The shipments mainly contained urgently-needed daily necessities, including grain, cooking oil, flour, sugar, salt and medicine, the ministry said in a brief notice on its website.

The supplies are to be transported through a land route to the Sust dry port near the Pakistan-China border from Kashgar in northwest China's Xinjiang Uygur Autonomous Region, the statement said.

However, the ministry did not say when the supplies would arrive, as workers were still rushing to repair the road linking Kashgar and Khunjerab Pass.

China is one of the first countries to respond to the relief needs of Pakistan when it was hit by the worst floods in 81 years. China's first delivery of aid, worth 10 million yuan, was delivered on Aug. 4. So far, 40 million yuan worth of supplies provided by China have arrived in Pakistan.
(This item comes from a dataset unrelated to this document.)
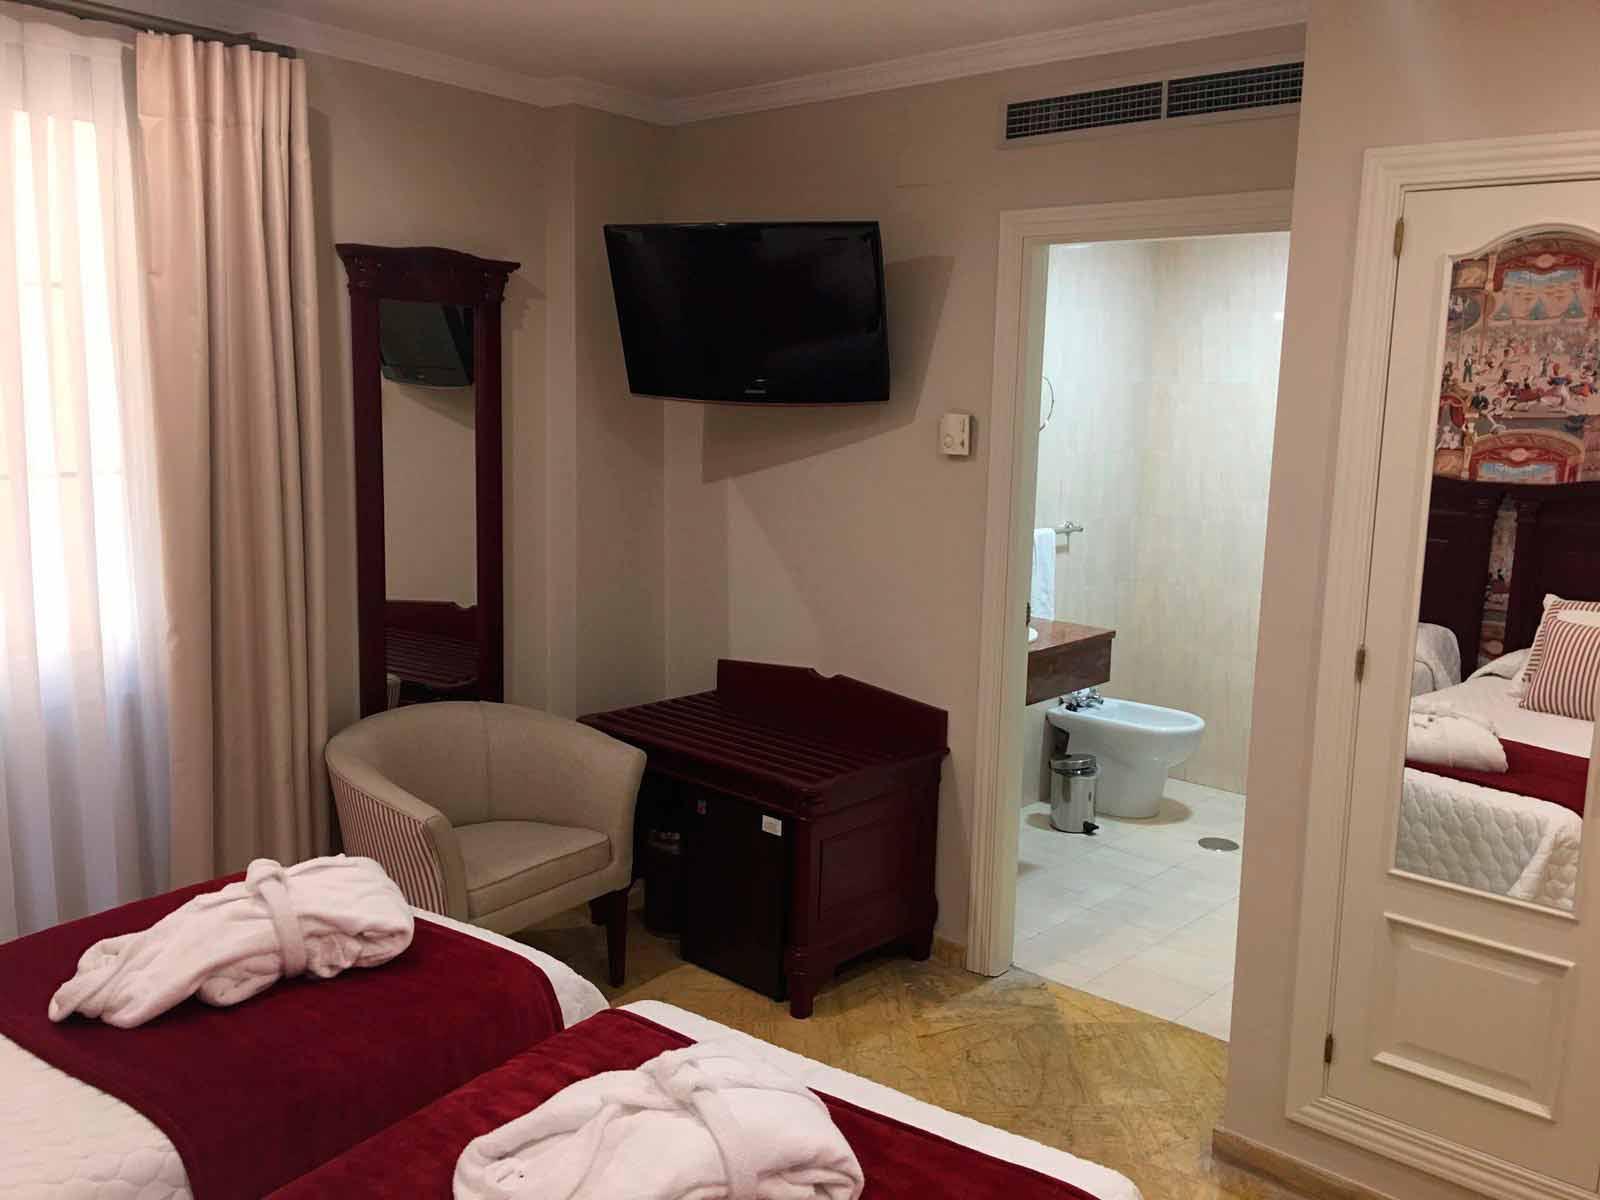 Reservar hotel en Sevilla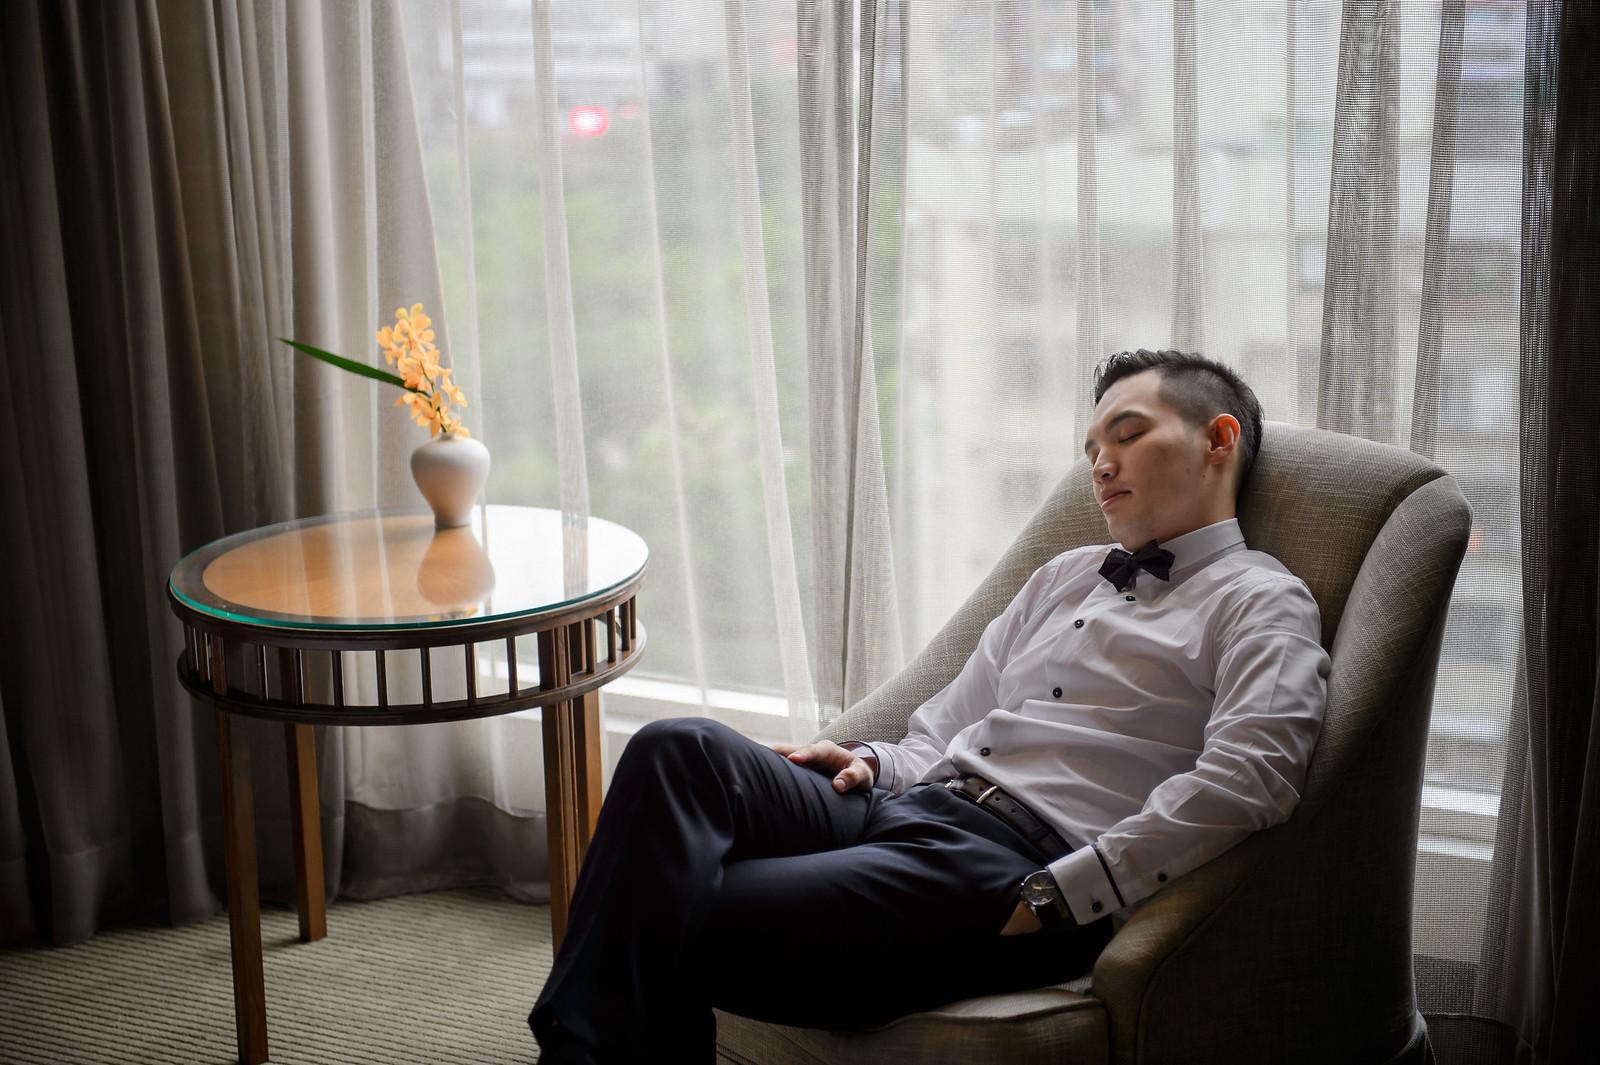 台北婚攝, 婚禮攝影, 婚攝, 婚攝守恆, 婚攝推薦, 晶華酒店, 晶華酒店婚宴, 晶華酒店婚攝-9

China decided to offer an additional 60 million yuan of relief supplies to Pakistan, MOC official Chong Quan announced Wednesday while meeting with Masood Khan, Pakistani ambassador to China.

Masood Khan, on behalf of the Pakistani government and people, expressed his gratitude for China's assistance, saying the food, tents and medicine provided by the Chinese government were Pakistan's most urgently needed materials.

Foreign Ministry spokeswoman Jiang Yu said on Wednesday that some urgently-needed materials including tents, power generators and sludge-cleaning equipment provided by the People's Liberation Army to the Pakistani armed forces will arrive in Pakistan's Islamabad on Wednesday.